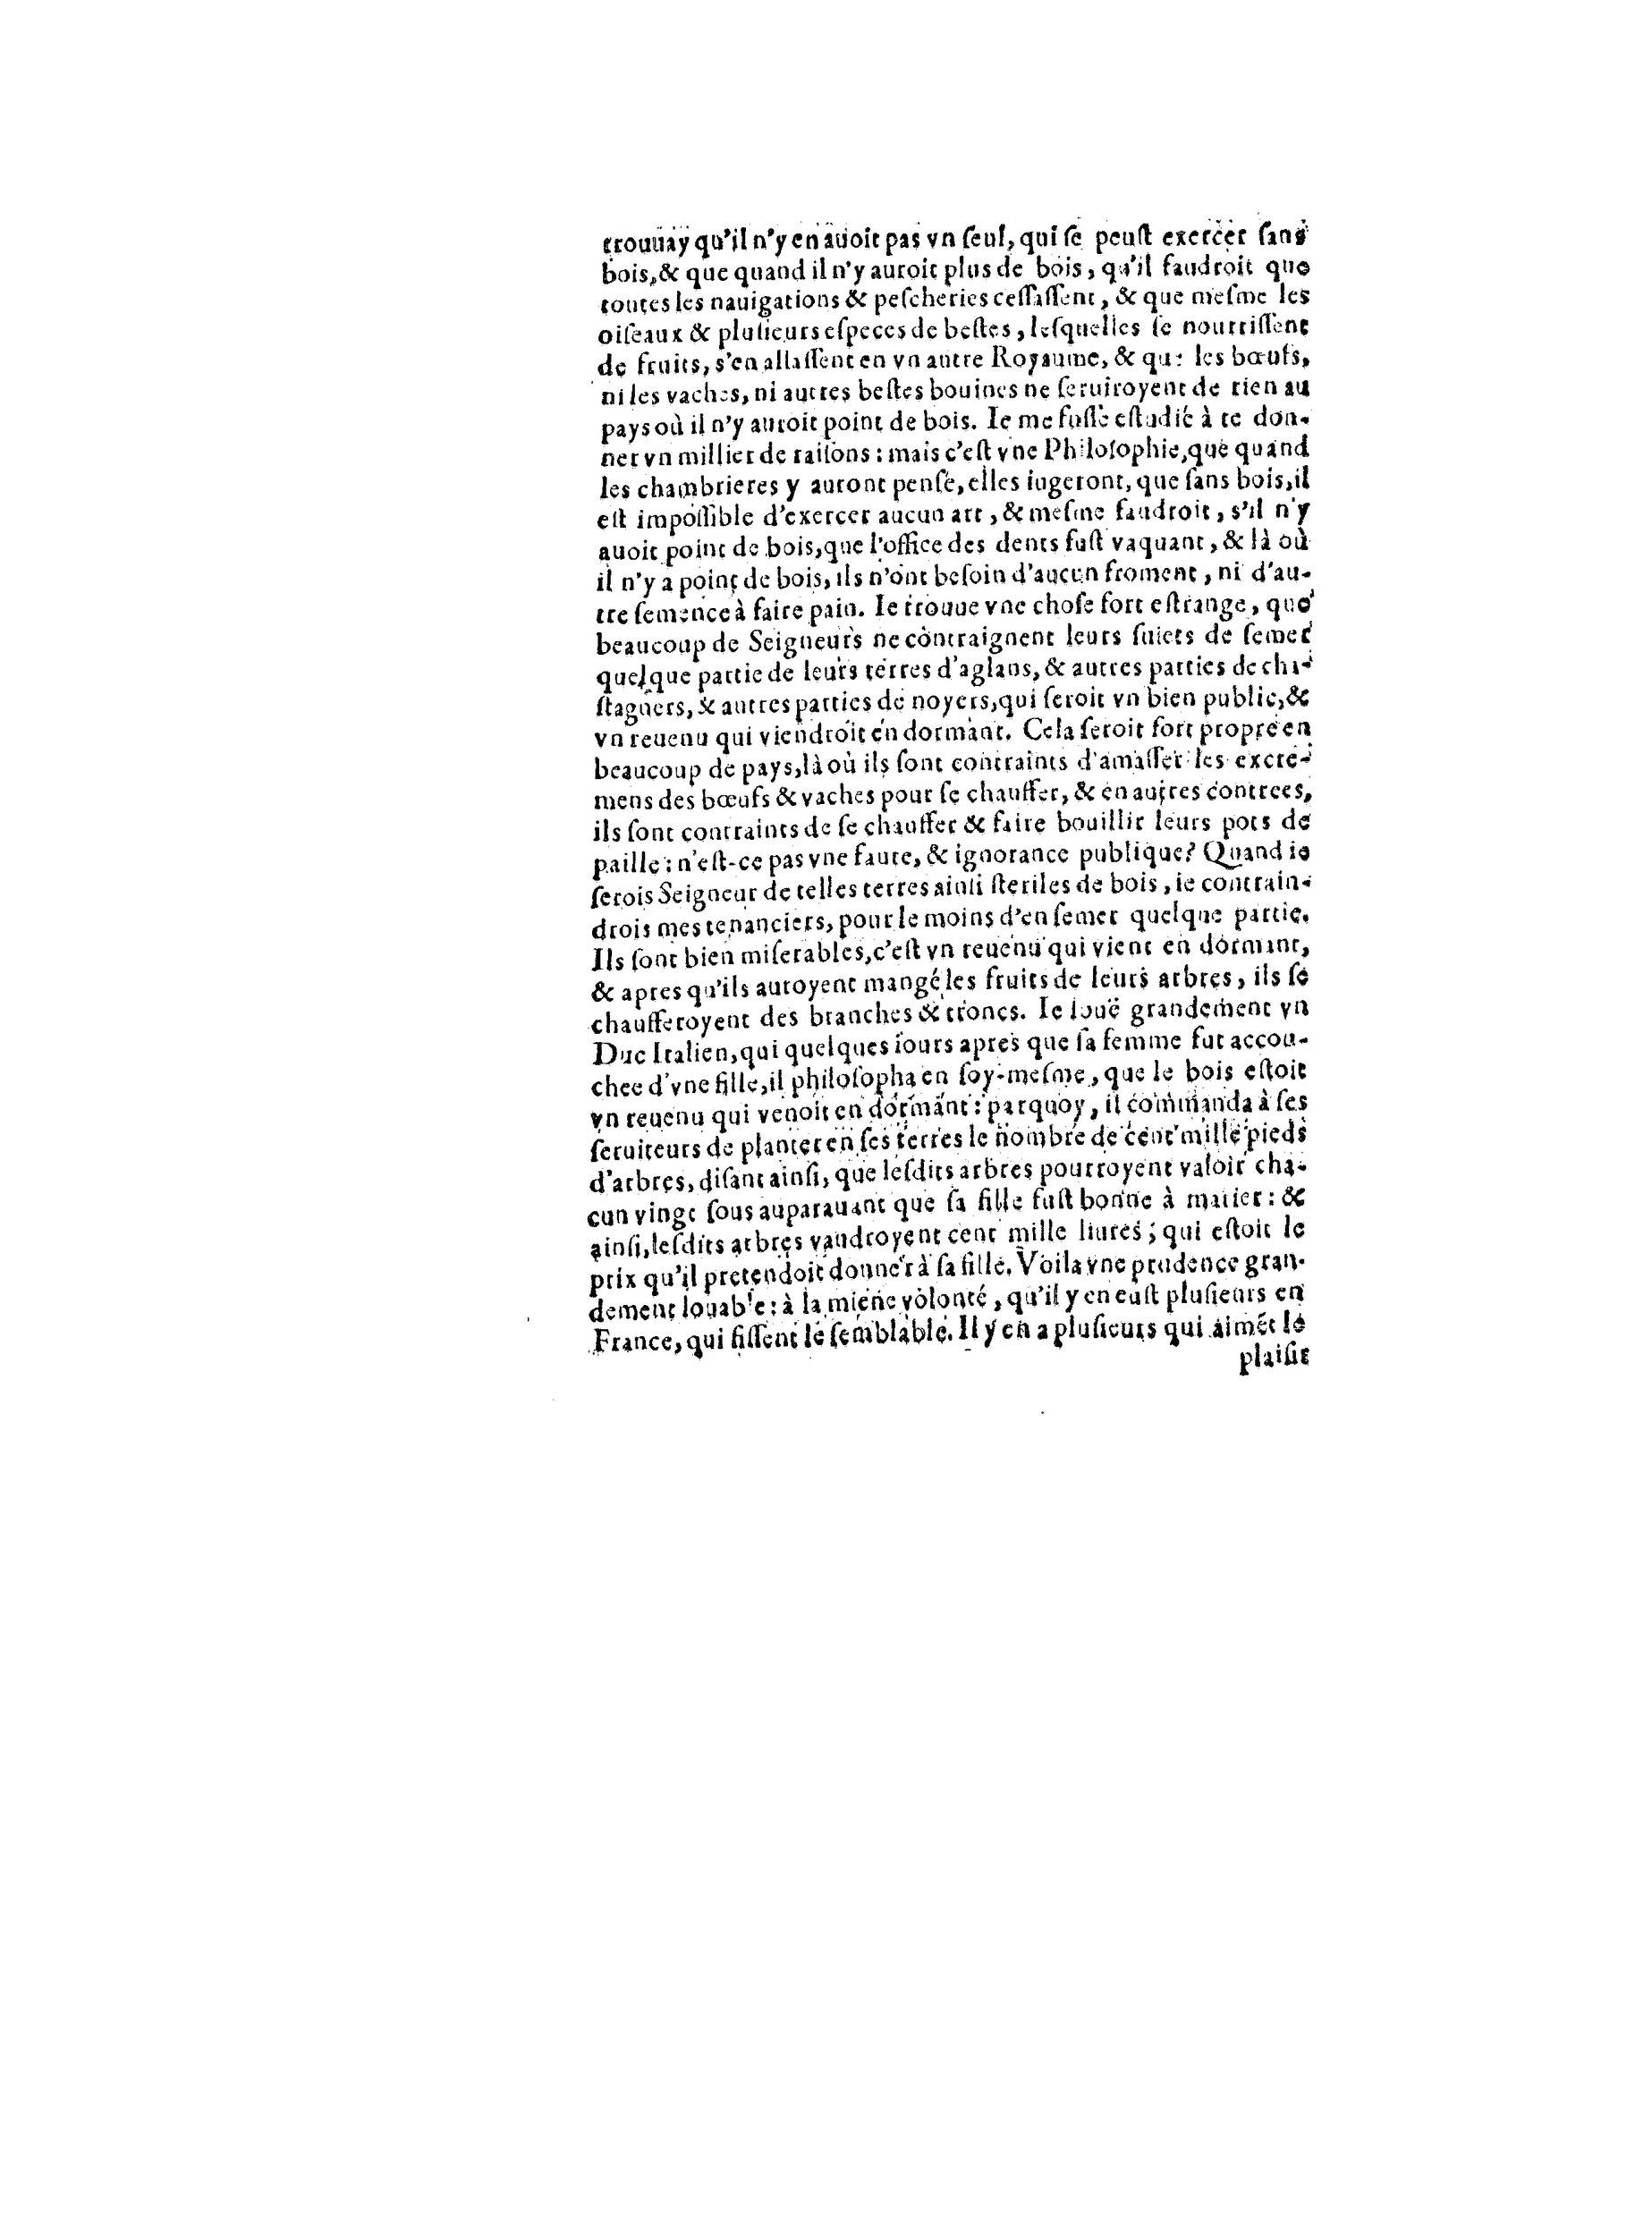 1563 Recepte veritable Berton_BNF_Page_095.jpg
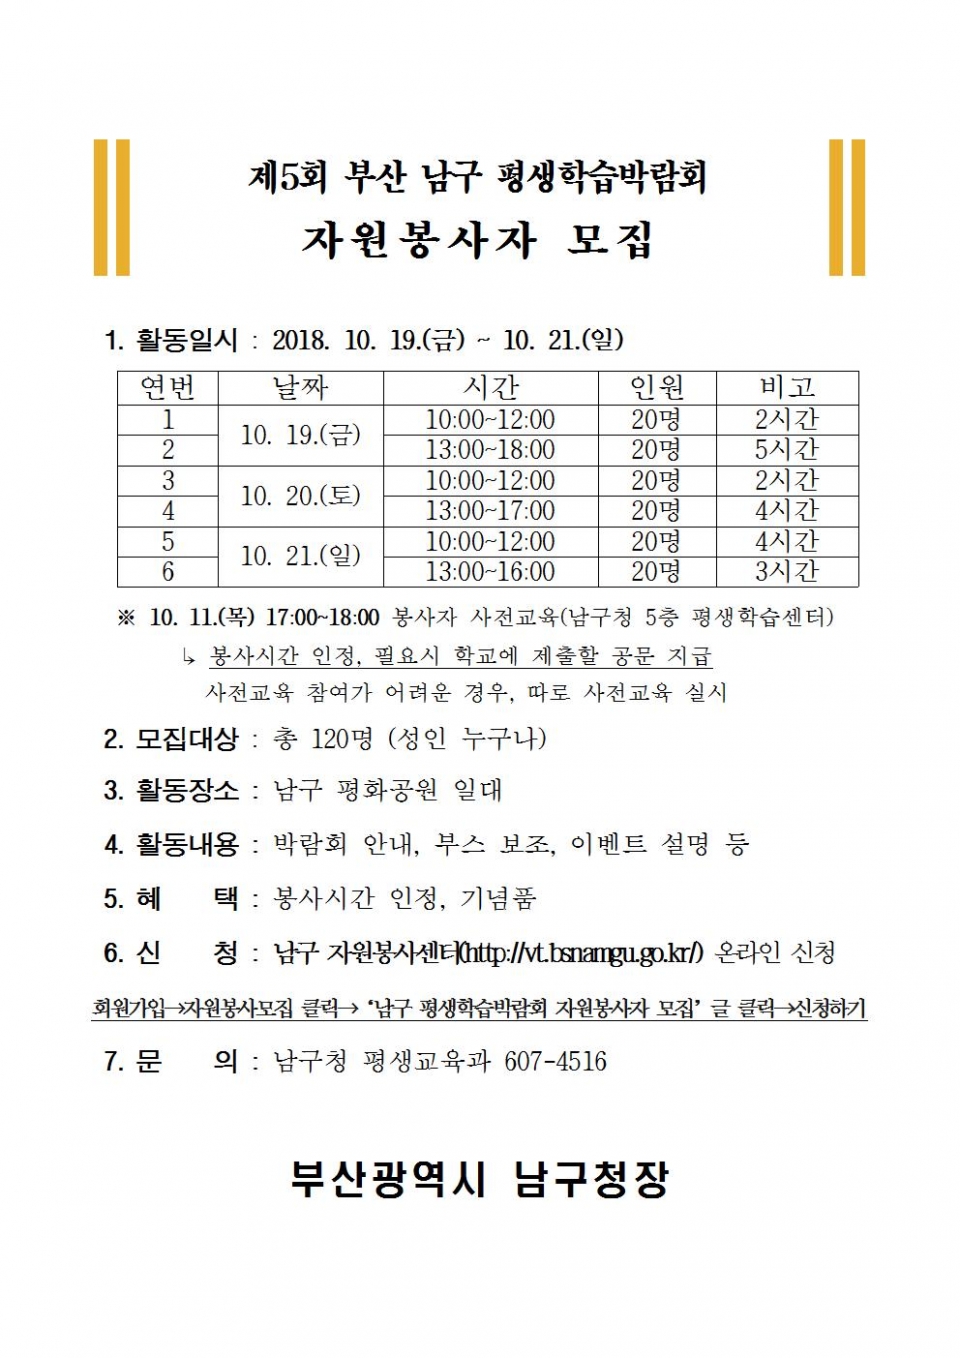 제5회 부산 남구 평생학습박람회 자원봉사자 모집
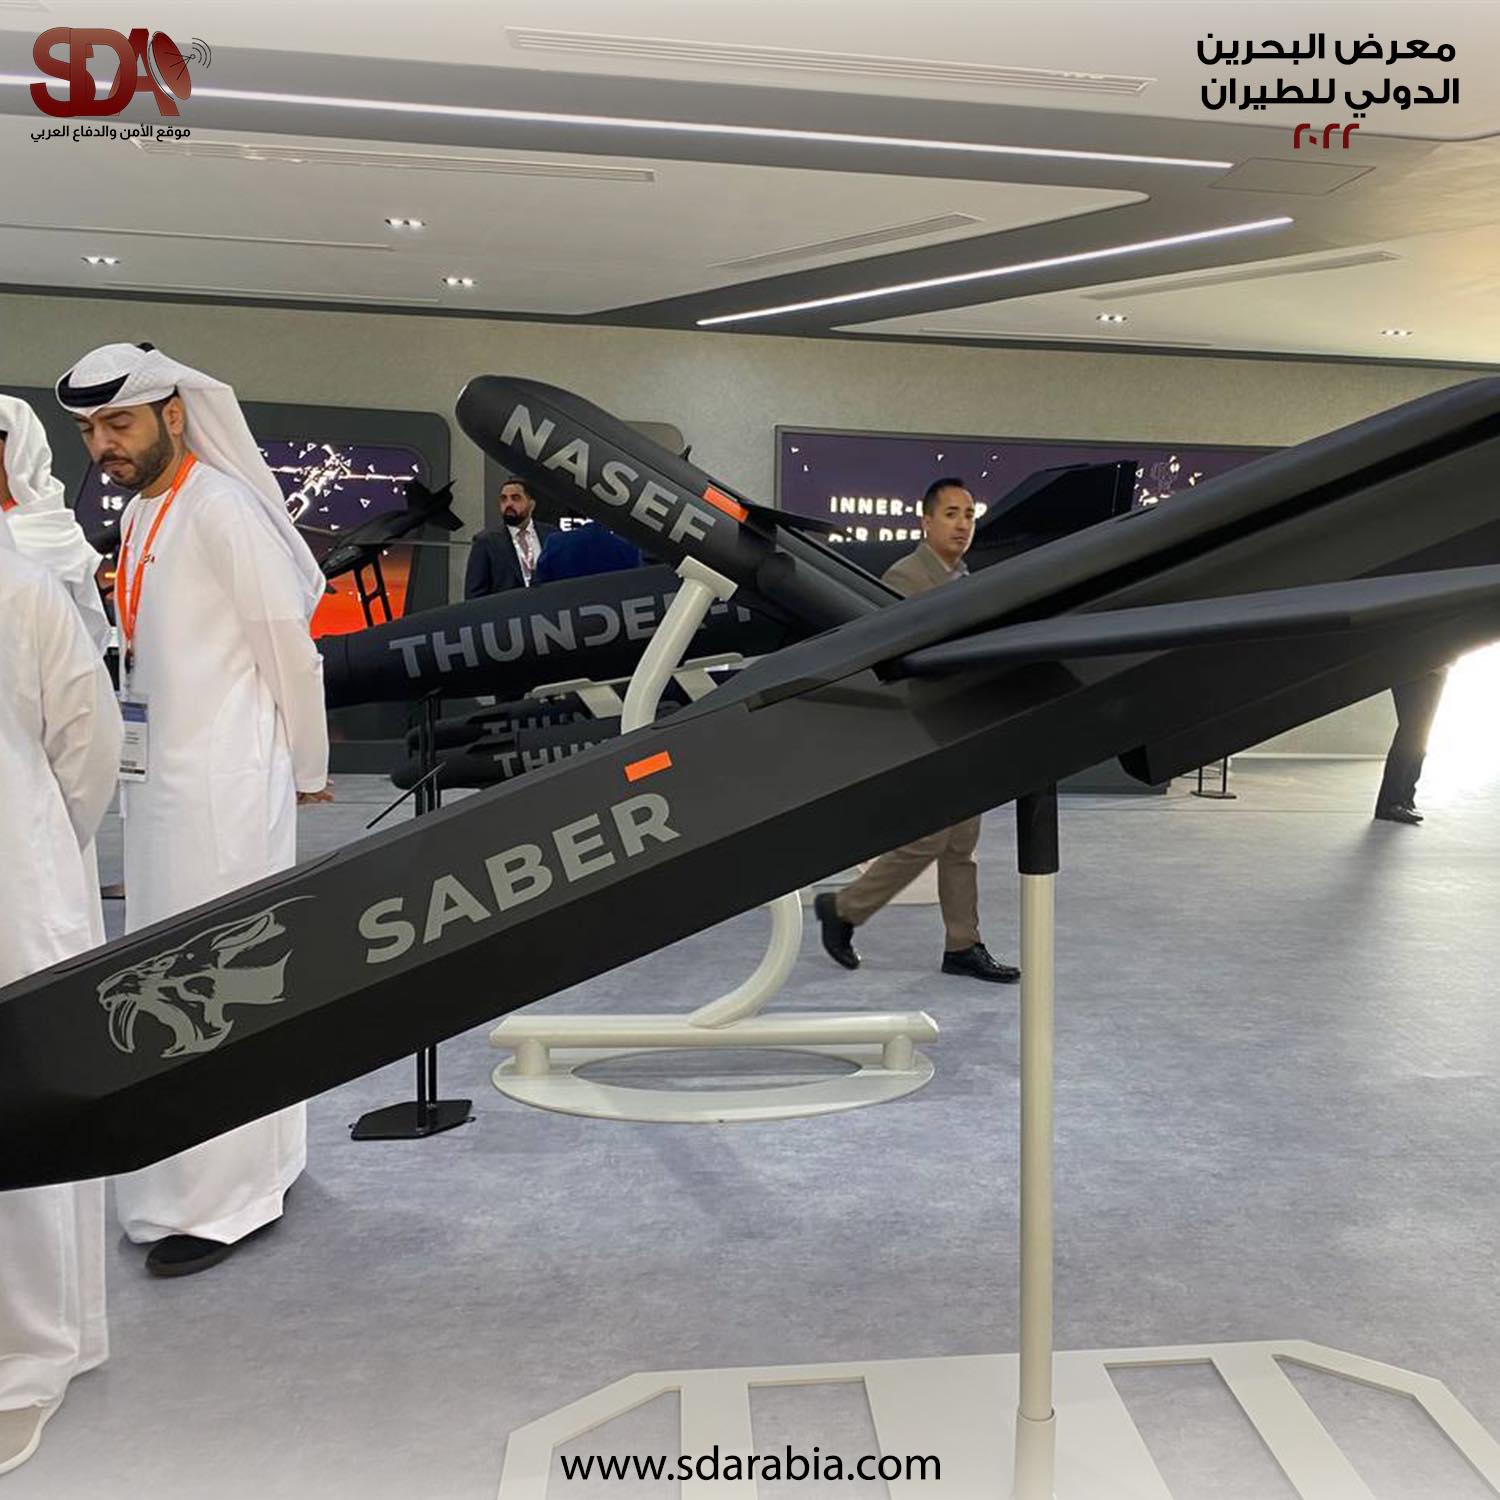 صاروخ Saber عرضته مجموعة إيدج في معرض البحرين الدولي للطيران

—————

▸ What you have to do:
Go through the material above and print all of it exactly, except the pictures.

▸ Solved exercise:
 1563 Recepte veritable Berton_BNF_Page_095.jpg
 제5회 부산 남구 평생학습박람회 자원봉사자 모집
 صاروخ Saber عرضته مجموعة إيدج في معرض البحرين الدولي للطيران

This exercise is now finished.